M.M.: Most of it was shot on location. Even most of the interiors were on location. The only interior that was shot in a studio was the wall that gets broken into at the end because I couldn’t break a wall in an actual apartment! But all the other interiors were shot on location. Which of course was a particular trait of Italian cinema, to shoot on location. Especially in those days, although that tendency remains even in contemporary Italian cinema.

Offscreen: I mention that because the exteriors reminded me of Fellini’s I Vitelloni, which I was surprised to find out was shot in studio.

M.M.: Yes. Fellini always filmed everything in Cinecitta. He was unique that way. Most other directors also filmed on location, Visconti, De Sica, Germi.

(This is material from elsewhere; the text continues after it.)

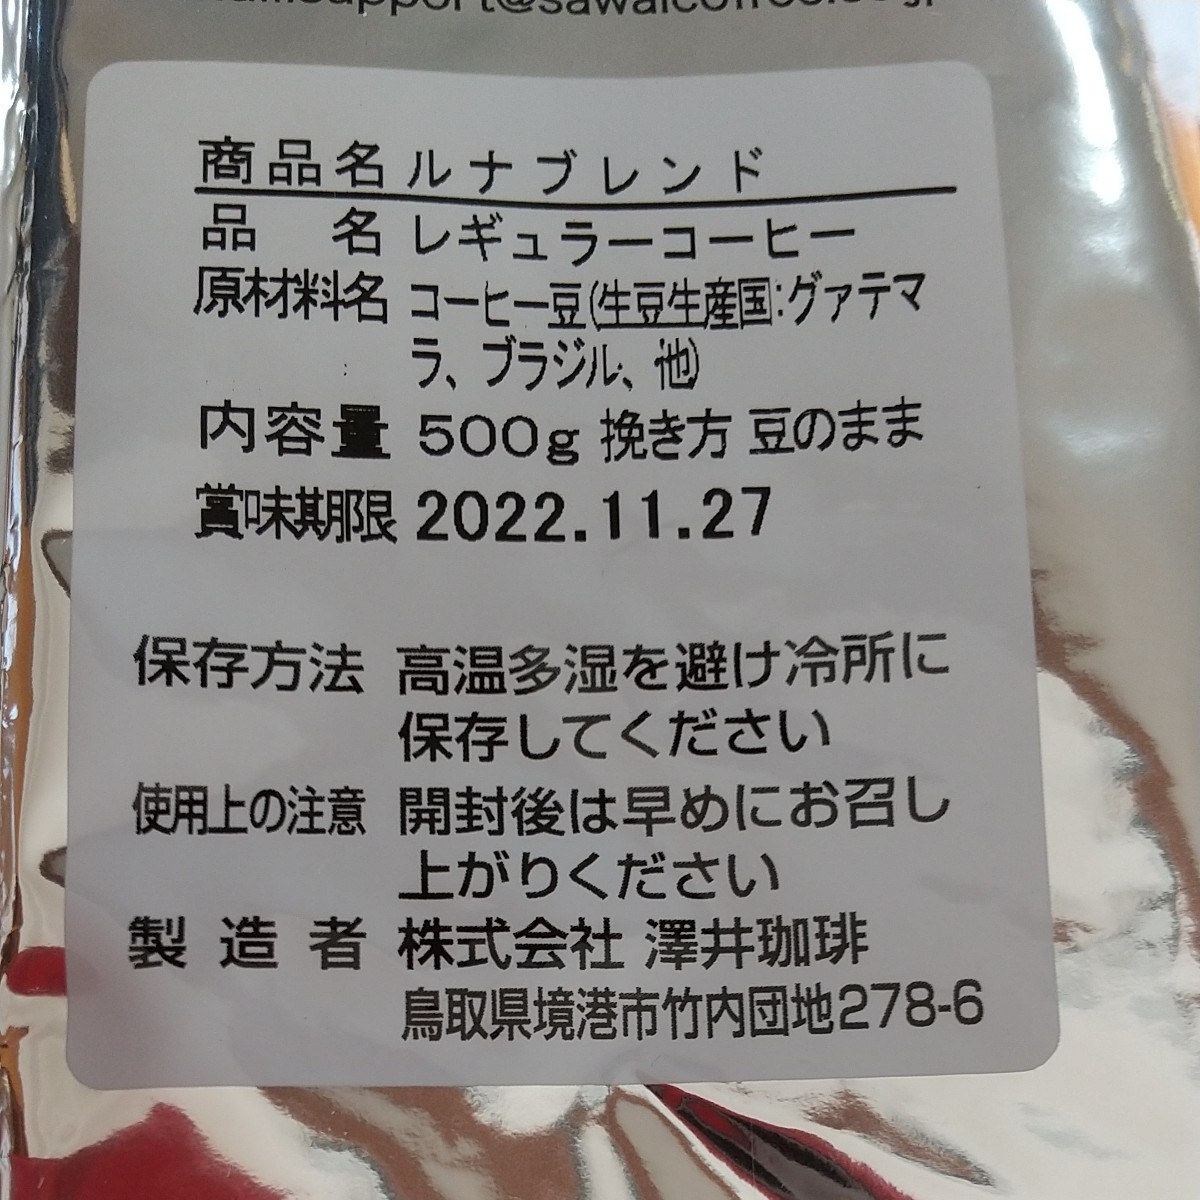 澤井珈琲 ルナブレンド 豆のまま500g

Offscreen: You’ve also written many films.

M.M.: Seventy!

Offscreen: According to you what is the secret in writing characters that are inept, egotistical, and yet still sympathetic? This is something that I find particular to so many Italian comedies.

M.M.: Well, you’ve been to Italy, so you know Italians. That’s the way Italians are! They’re a little confused, but sympathetic. They aren’t hard or violent. Even if you get to know people leading more or less a bad life or on the road of hard knocks, you will discover that they are sympathetic and entertaining. The trickster has to be that way or else he won’t be able to deceive! Italians are that way.

Offscreen: You have been fortunate to have worked with some of the great Italian screenwriters, like Age and Scarpetti, and some of the great cinematographers, like Gianni Di Venanzo, who unfortunately died so young.

M.M.: Yes, he invented a whole new style of photography.

Offscreen: Yes that’s exactly what I wanted to ask you, this bleached white look. Can you talk a little about that?

M.M.: Yes, a grey-white and also very harsh, cut light. At that time we shot with lots of light. So the shots were complicated because of all the lights, electricians, etc. Gianni shot with very little light. He was very fast, so we could shoot in real locations with a small crew. He had a style very well suited to neorealism. He was one of the first cinematographers to do so, along with Tonino Delli Colli and Guiseppe Rotunno. Who, in fact, also taught the Americans, because they both worked considerably in America.

Offscreen: At what time did you shoot those desolate street scenes, early in the morning?

M.M.: No, at that time in Italy in the fifties, there were not that many cars and little traffic. Italy was a poor country. People walked or took what little public transport there was, especially in the city peripherals. In the city centers of course it was a little busier, but still not heavy in traffic. Italy was a country not far removed from the war, with much visible destruction. That was the reality.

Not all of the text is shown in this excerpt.